Hi im upgrading my prod cluster (3 node cluster HP...
# harvester
f
Hi im upgrading my prod cluster (3 node cluster HP DLG9) form 1.4.1 to 1.4.2 the upgrade process gets stuck either here or in Image preloaded in the node 1 the only container failing is this one Any idea?
image.png
b
Did the pre-check script pass all the tests?
👍 1
What do the logs and events from the crash looping pod say?
f
yes
i fixed the error by removing the other logging cluster outputs and Flow
but now its stuck and its not crating the jobs in the cattle-system namespace
an its stuck in this state
its been 2 years now running harvester in prod and each upgrade its becoming a nightmare
👀 1
r
Hey @future-gigabyte-33261, could you generate a support bundle for us to assess the situation?
f
Yes
b
I normally start rebooting the nodes that are stuck after verifying they are drained from active VMs.

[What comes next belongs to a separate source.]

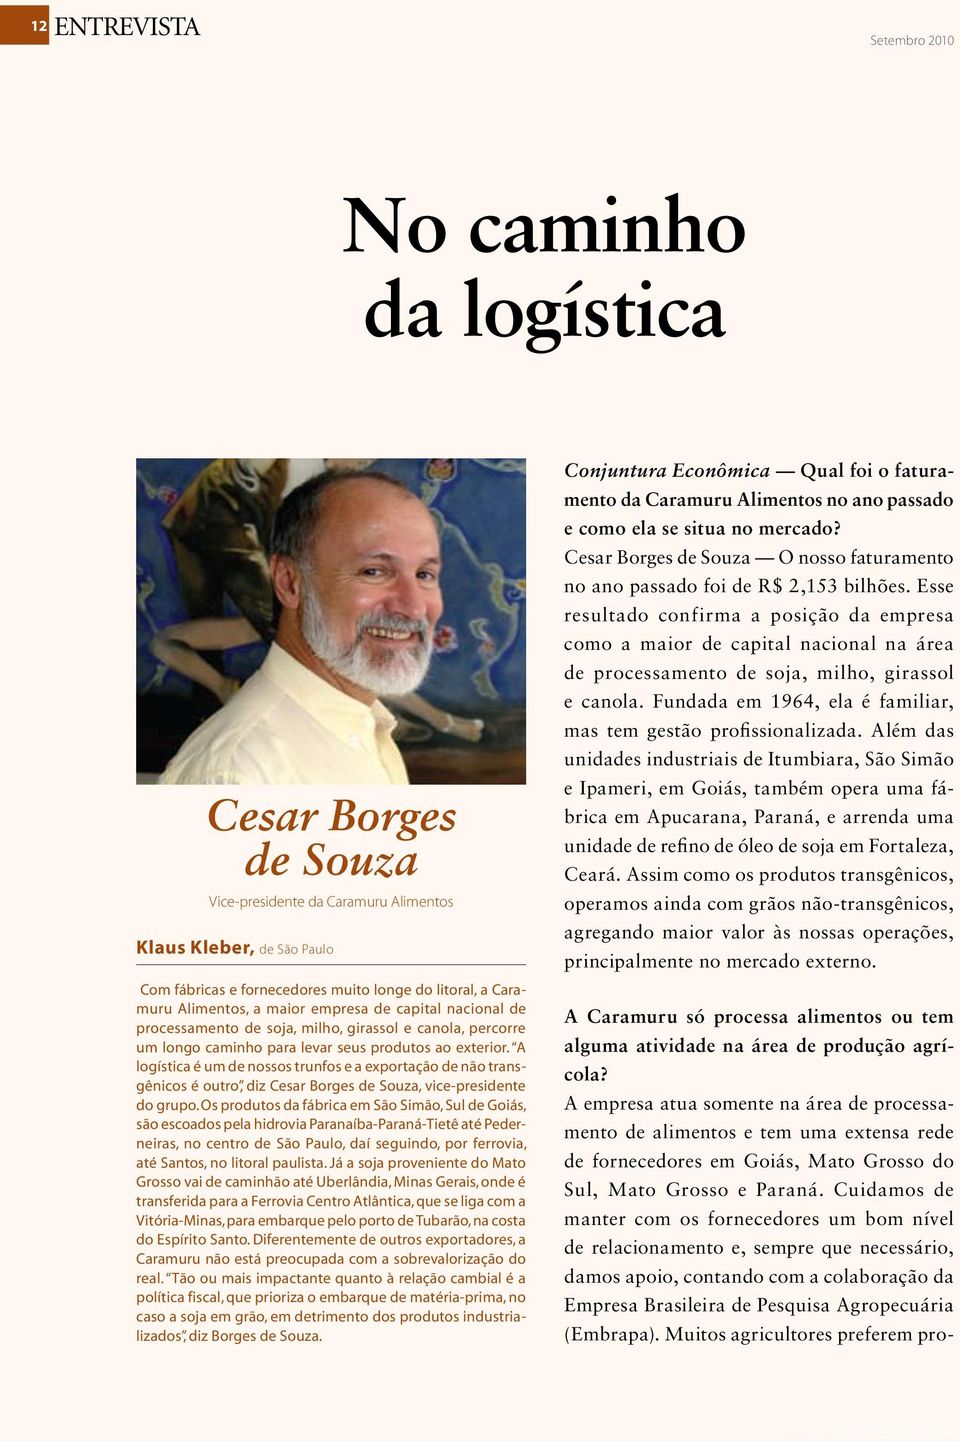 A logística é um de nossos trunfos e a exportação de não transgênicos é outro, diz Cesar Borges de Souza, vice-presidente do grupo.

I feel like it's 50/50 on if it will fix things.
f
I will try tomorrow and also generate the support bundle since today i cant access the infra
p
always be ready to nuke the cluster is my motto 😅
f
supportbundle_c902b5ab-8c69-4eda-82e4-68728d1b2e9e_2025-05-27T16-20-02Z.zip
👀 1
@red-king-19196
f
Hello @red-king-19196! @future-gigabyte-33261 and I tried to investigate a bit on our own, but basically we only restarted the nodes a couple of times. We noticed that the etcd database size was not matching across the nodes, and that there was a sudden increase in size at least in one of the nodes when the upgrade started (a jump from 77MB to 1.6GB). Besides this, the rke2-server service is failing to start on all nodes, throwing 502 and 503 errors.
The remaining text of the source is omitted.